Full cost of production for winter wheat typically ranges $5.00–7.00/bu depending on land costs, input costs, and expected yield. Below $5.00, most operations lose money on a full-cost basis. $5.00–$6.00 covers variable costs but is thin on land rent and fixed overhead. $6.00–$7.00 supports profitable production for most well-run operations. Above $7.00, strong forward selling opportunities typically exist. Use AGSIST's breakeven calculator to input your specific costs and yield expectations.
Russia is the world's largest wheat exporter, and Russia plus Ukraine together supply roughly 30% of globally traded wheat. US soft red winter wheat competes directly against Black Sea origins in Egyptian and other import tenders. Geopolitical disruptions, Russian export restrictions or tariffs, or drought in Black Sea growing regions can add $0.50–$2.00/bu to CBOT wheat almost immediately. This geopolitical sensitivity is wheat's key distinguishing characteristic compared to corn or soybeans, and warrants daily monitoring.
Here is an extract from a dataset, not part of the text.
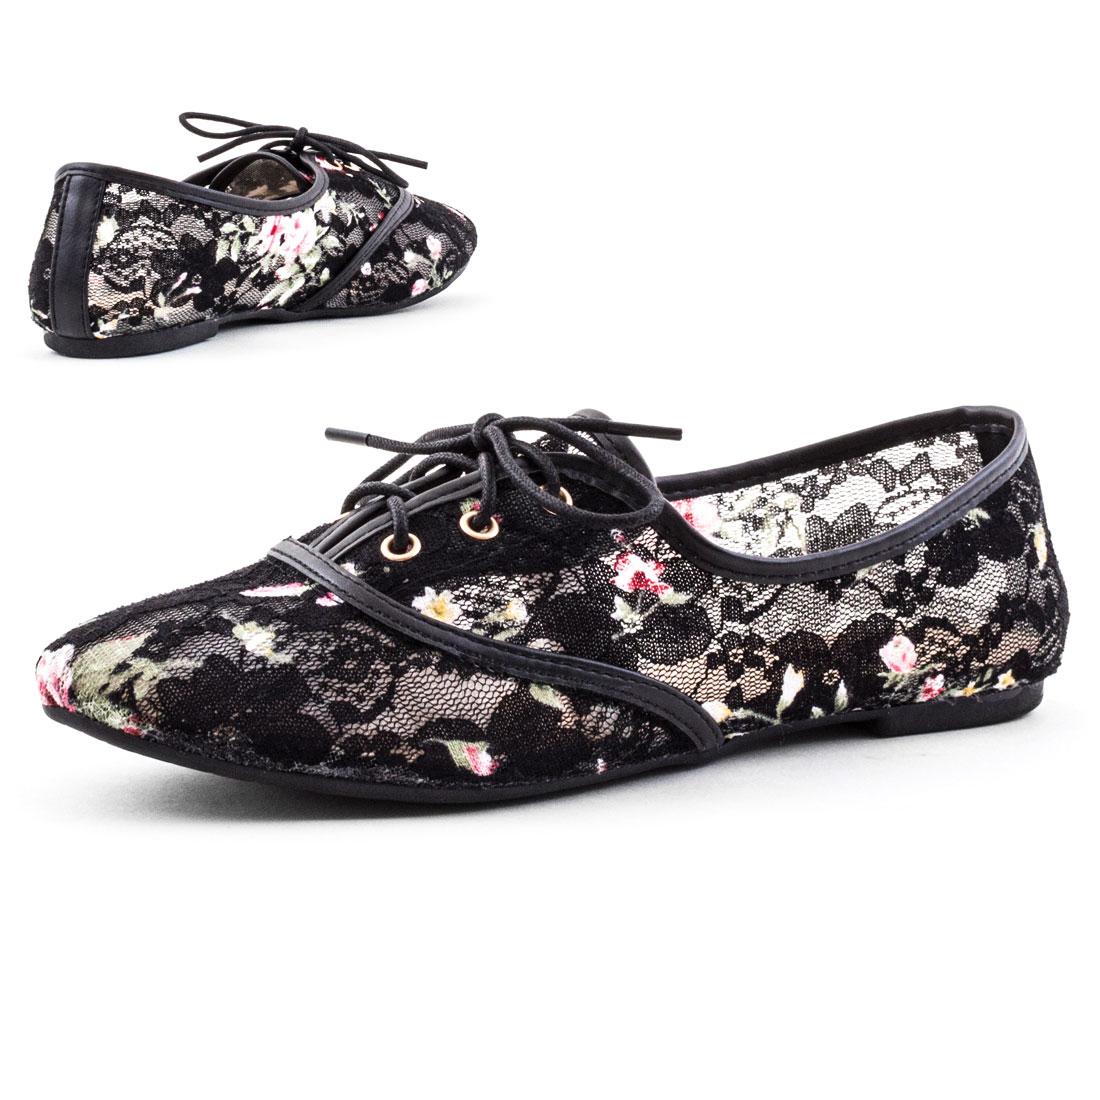 neu damen schn rer sommer ballerinas sneaker mit spitze gr 36 37 38 39 40 41 ebay. Black Bedroom Furniture Sets. Home Design Ideas

CBOT wheat historically makes its seasonal low in June–July when Northern Hemisphere harvest peaks globally and supply is greatest. Prices tend to recover into fall and winter as old-crop stocks tighten, then peak around April–May as pre-harvest uncertainty about the coming crop builds a risk premium. The seasonal chart above illustrates these tendencies by month. Black Sea supply surprises, geopolitical events, and export policy decisions routinely override seasonal patterns in any given year — wheat is more news-sensitive than corn or soybeans.
The USDA WASDE (World Agricultural Supply and Demand Estimates), released monthly around the 10th, is the primary report for wheat — particularly global ending stocks and the US export pace. Weekly Export Sales and Inspections (Thursday 7:30am CT) track US competitiveness against Black Sea origins. The January Winter Wheat Seedings report establishes the new crop area estimate. Weekly Crop Progress (Monday 4pm CT, April–November) tracks winter wheat dormancy, green-up, and harvest progress. See AGSIST's USDA Calendar for all upcoming dates.
CBOT wheat futures trade electronically Sunday through Friday — overnight session 7:00 PM to 7:45 AM CT, day session 8:30 AM to 1:20 PM CT. AGSIST refreshes prices every 30 minutes on weekdays. Significant overnight moves are common in wheat — Black Sea geopolitical news and Southern Hemisphere weather reports frequently release outside US business hours, making early-morning price checks valuable for wheat producers.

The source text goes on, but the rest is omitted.